Consistent with previous research [14] the PROMIS-16 and PROMIS-29 mental health summary scores correlated more strongly with the PROMIS global physical health score than with the PROMIS global mental health score. The high correlation occurs because of content overlap between the PROMIS-29 mental health summary score and the PROMIS global physical health scale: the PROMIS-29 fatigue scale has the largest and the pain composite the fourth largest factor scoring coefficient on the PROMIS-29 mental health summary score and two of the four PROMIS global physical health items are ratings of pain and fatigue.

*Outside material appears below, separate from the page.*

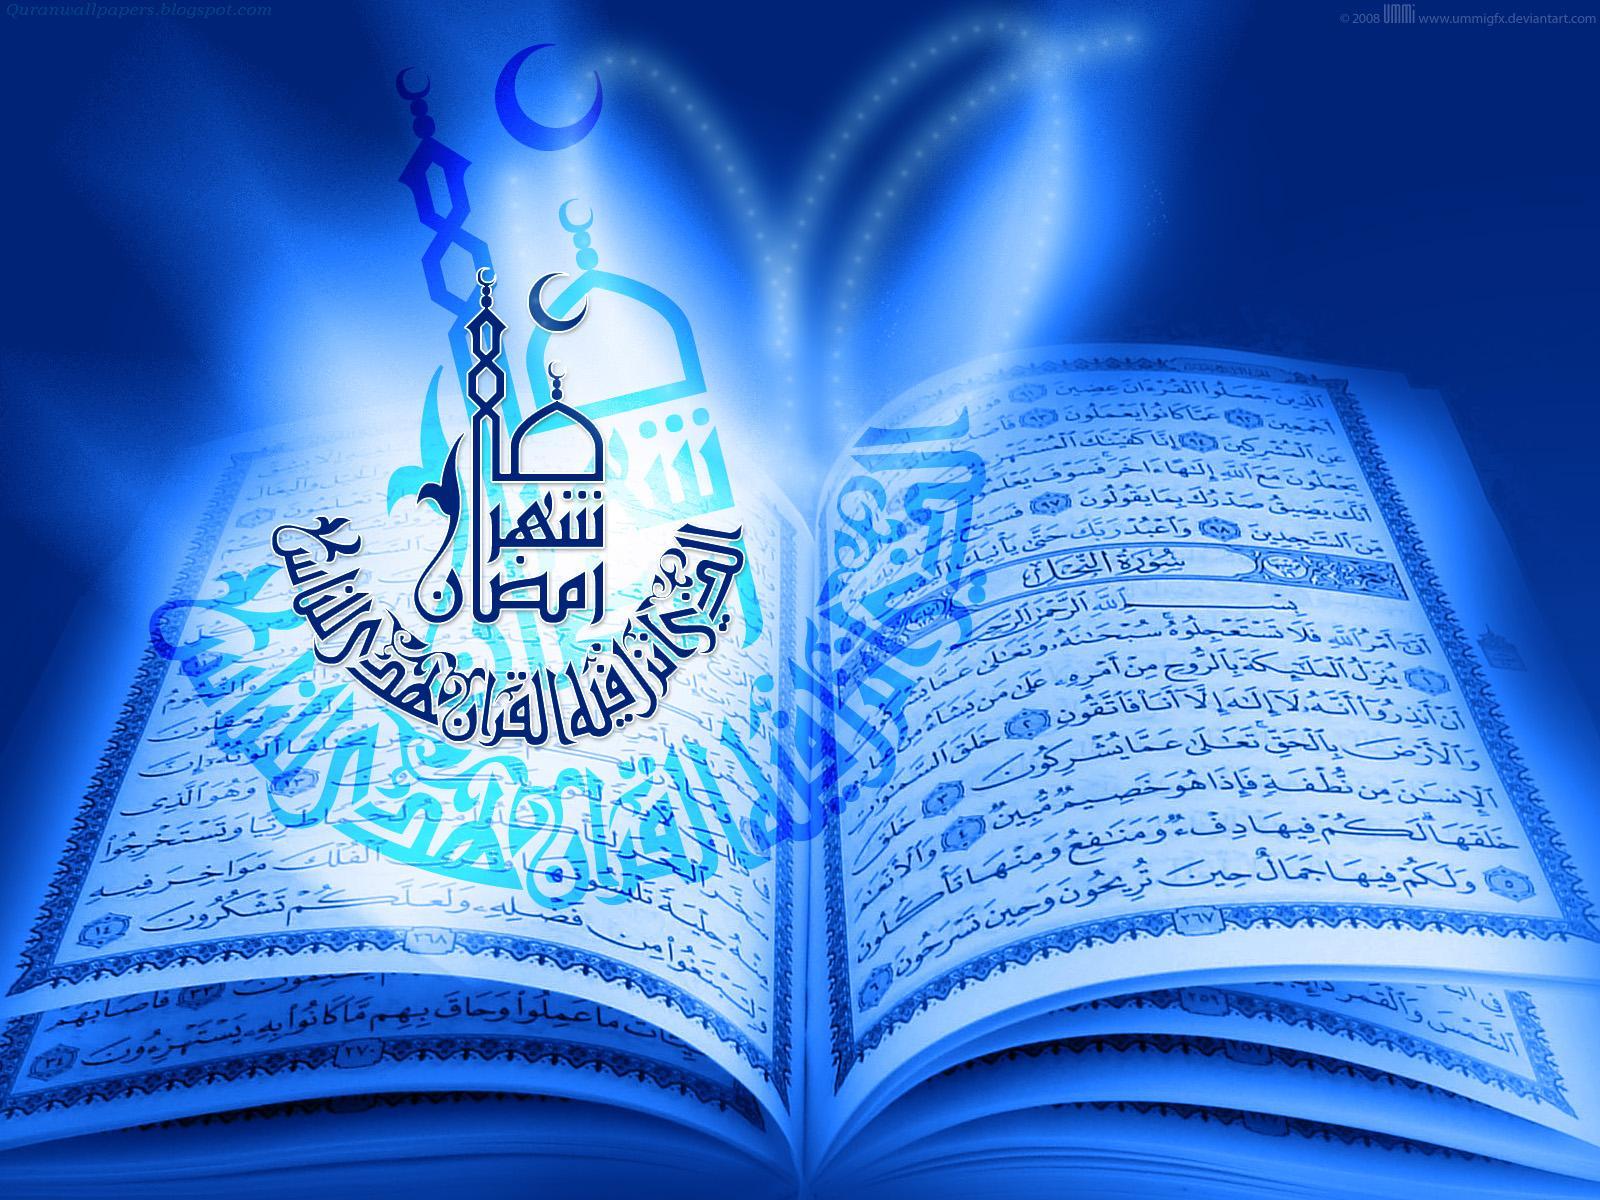 http://4.bp.blogspot.com/-mbNDbtozj0Q/TjVYLbN7-DI/AAAAAAAAABw/aabxHIP9vLE/s1600/Salaam_Ramadan_ISLAM_QURAN_WALLPAPERS_2011.jpg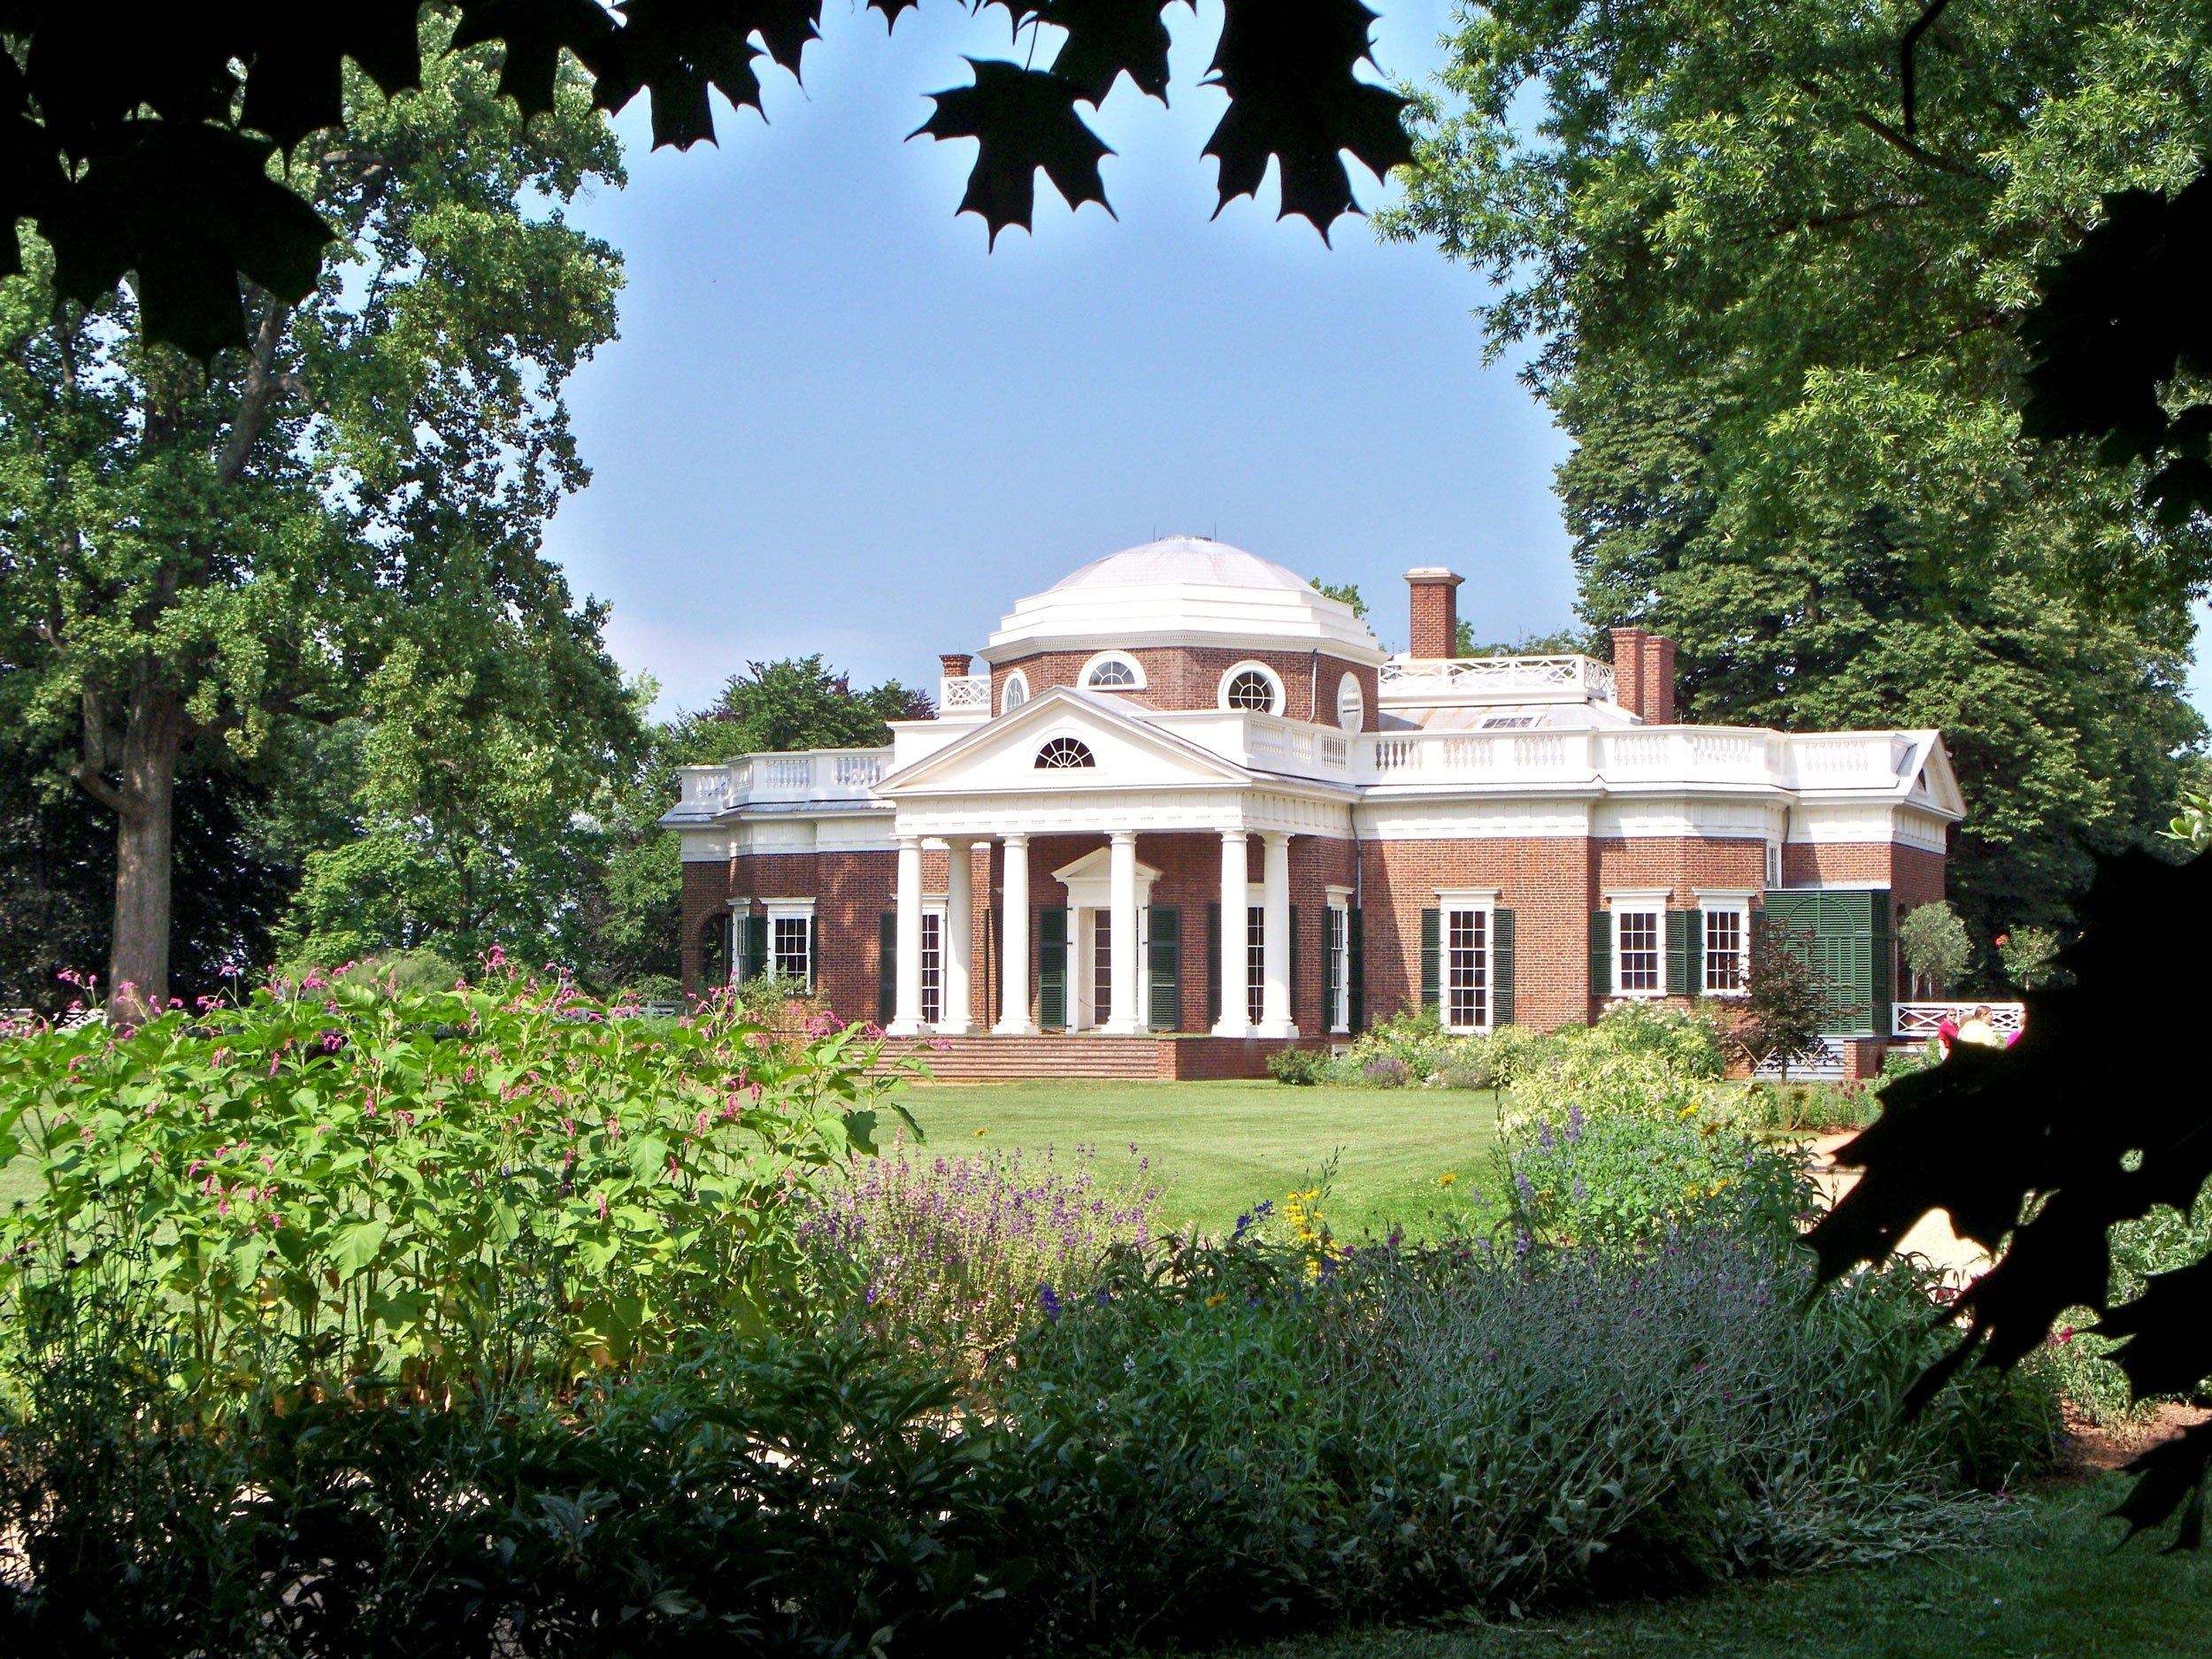 Monticello in Charlottesville Virginia | 2 Week Virginia Road Trip from Washington DC

Research is needed to evaluate the reliability and validity of the PROMIS-16 compared to the PROMIS-29 in different samples and among those with a variety of health conditions. Further examination of subgroup differences in agreement between PROMIS-16 and PROMIS-29 estimated physical and mental health scores could provide important information. Studies that randomize respondents to either the PROMIS-16 or PROMIS-29 would be useful to evaluate whether the response rate is higher for the more parsimonious measure. Head-to-head comparisons of the PROMIS-16 with the PROMIS global health scale would also be valuable to provide further guidance about the tradeoffs in using one versus the other.